Monthly Archives: November 2012

Gelman on infographics and communication

Infographic by Nigel Holmes (www.nigelholmes.com)

Andrew Gelman is giving a talk later today at MIT on graphics and infoviz. You can read about it in his blog here, including links to his slides and paper. It makes for a nice overview of the situation, the problems and the possibilities. I think he is onto something with the “graphic as puzzle” idea. That does seem a  feature of the successful ones, along with telling a story, catching your eye, provoking an emotional response and revealing something which would be really hard to do in words or tables.

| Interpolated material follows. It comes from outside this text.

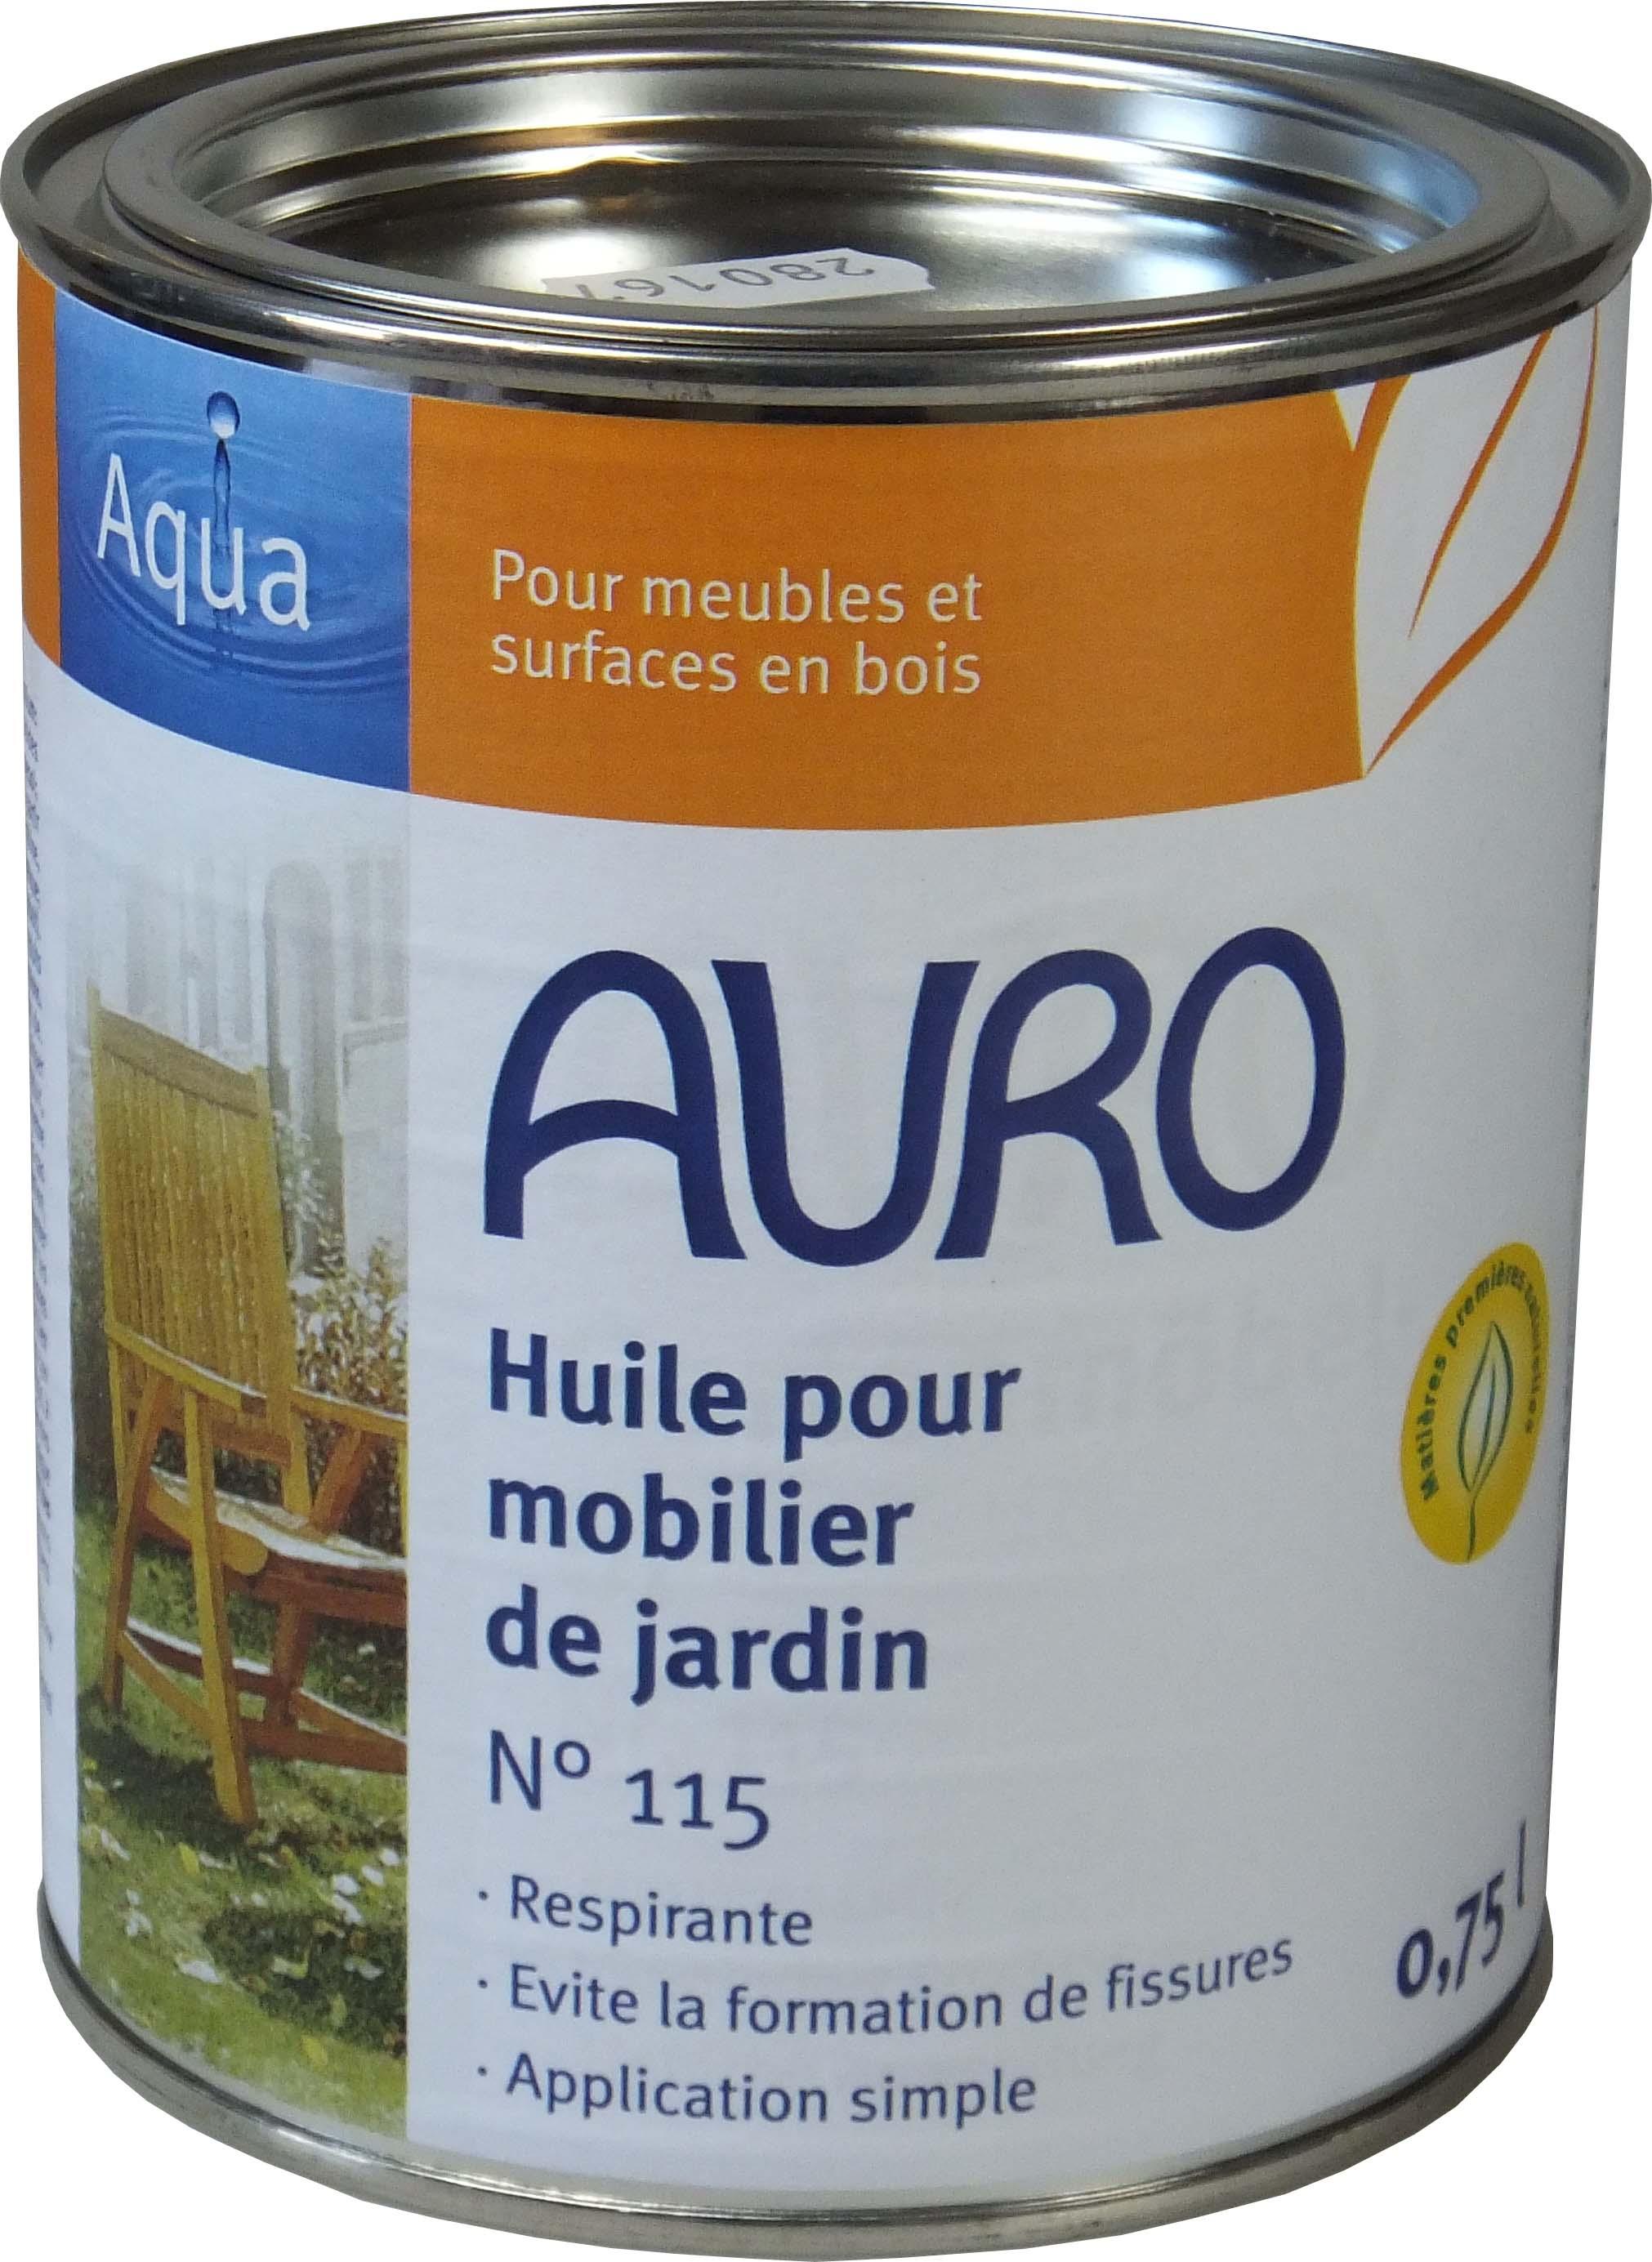 Free huile pour mobilier de jardin la maison ecologique - Huile de lin pour meuble ...
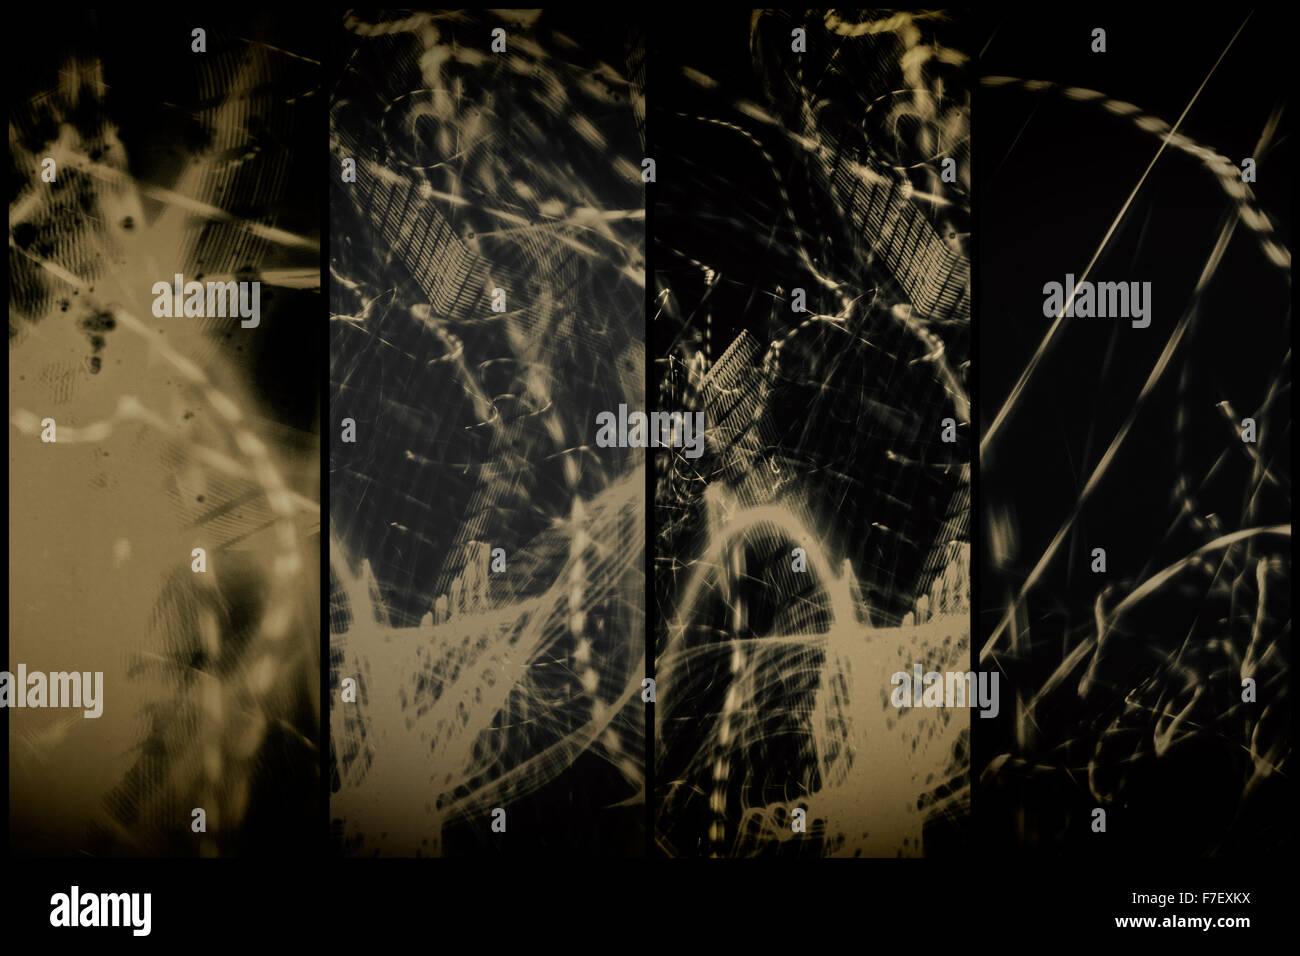 Il nero e il bianco con il nero di seppia tonificante rende questa parete Lightpainting distintiva arte da altri Immagini Stock

The example above is from a study from the University of Saskatchewan* that showed that including “chart junk” is not necessarily a barrier to understanding or recall – although as Gelman points out, their chart junk is really good junk. I like the subtle touch – it is only the 8% that ends up on the woman’s lips – which tells the underlying story. Anyone who objects to the curvy outline in the pie chart is a tedious pedant; have you ever seen anyone look at a pie chart and then ask “now, where’s my protractor?”

* – I guess the impetus to study eye-catching shapes comes from the province itself. Like the T-shirts say:

T shirt:

Easy to draw. Hard to spell.

Leave a comment

Filed under Uncategorized

Exporting data from R into WinBUGS’s “R/S-plus list format”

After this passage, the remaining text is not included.